3 minute read
Invisible Politcs | Michelle Tan
Invisible Politics
By Michelle Tan
Advertisement
The Asian American community is often regarded as apolitical. It’s ironic that, with the recent exception of Andrew Yang, the most political visibility Asian Americans seem to have is this paradoxical situation: a “visible” complaint from the “invisibility” we have in politics. Even in popular media, such as movies, television, novels and comics, Asian Americans are seldom seen. Instead, we are portrayed as an overall generalization of “just Asian”; our American side is invisible because we do not fight for it nearly enough. I say we, because I am also at fault. I am one of those apolitical Asians who cannot be bothered to learn politics, American or otherwise, but still demand to be seen. Yet, there is a reason for our invisibility and apoliticism.
How can Americans ask us to be political when it is politics that have killed our Asian relatives? This demand that we step up and come into sight is based on the ignorance of the unseen trauma that we have. We may be apolitical Americans, but our Asian history is haunted by politics that go unseen in this country. Given the history of conflict in Asia, our Asian parents and grandparents were forced to see the atrocities that come out from politics. So many families and friends were separated and killed because of the politics of other countries being forced upon Asia: the Korean and Vietnamese peninsulas are obvious examples of this; the circles of influences in and colonization of China, the Philippines, India, Cambodia and Laos; even Japanese occupation of fellow Asian countries.
We see the lingering of these traumas in our older generations in how our parents talk about not having enough food as children; how they’re glad that they can provide for us, the new generation of children. We see it in how our grandparents will not talk about losing their parents, their children; how they can’t talk about the wars and camps they’ve lived in. How can we bear to be political when we can barely even acknowledge our own pain? The scars from the past are not left in the past; no, they live on in our survivors and in our generation, in our affected motherlands today and in our American apoliticism.
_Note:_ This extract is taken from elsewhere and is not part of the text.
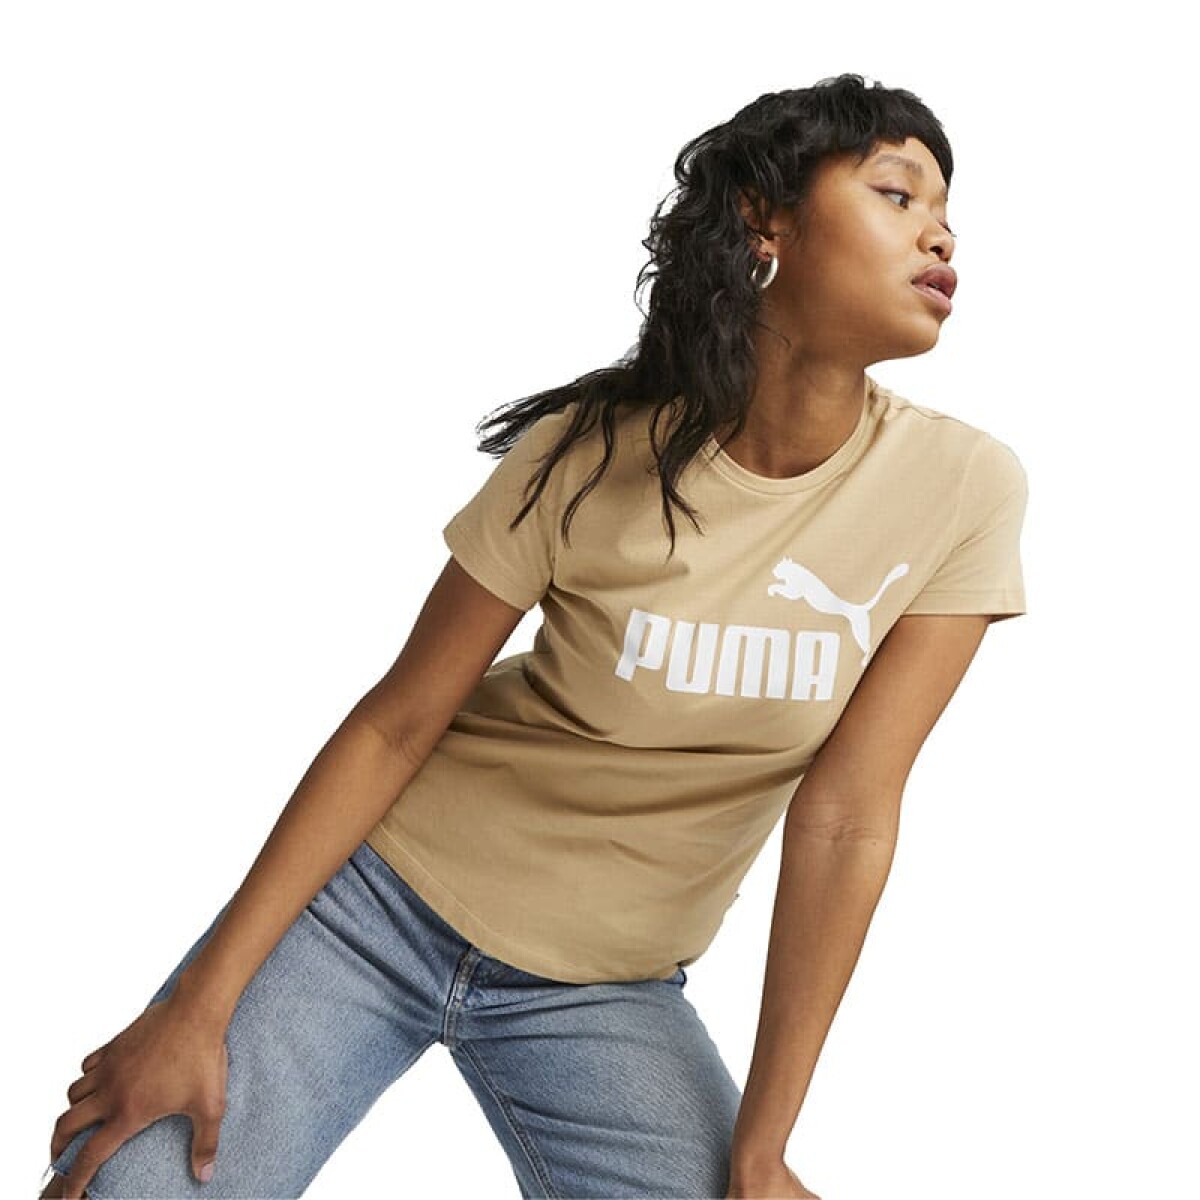 Remera Puma Logo de Mujer - 586775 87 - Beige

This is, however, not an excuse to be apolitical. This is an explanation as to why the majority of the Asian American community are. But in order for us to break free of this, we must take the initiative and acknowledge
our trauma. We know of it, but we don’t want to see it. We want to pretend that if it’s invisible, it won’t hurt us. We want to pretend that if we are invisible, WE won’t be hurt.
But that’s not helping and that’s not working. Now, more than ever before, we Asian Americans must face our invisibility and see ourselves for who we are. For if we stay invisible, we won’t ever be able to bring justice to our family nor to ourselves. To this day, so little is recorded of Japanese American internment camps or of Chinese and Korean railroad workers, who were some of our earliest Asian Americans. Later on in American history, Asian Americans were yet again ignored until the Immigration and Nationality Act of 1965, which finally made it legal for Asians to immigrate to America, though it wasn’t enacted until 1968. Being invisible for so long has let our American history be erased. Our fear of getting hurt again has turned into this shield of invisibility, but now Asian Americans run the risk of never being seen. “But in order for us to break free of this, we must take the initiative and acknowledge our trauma.”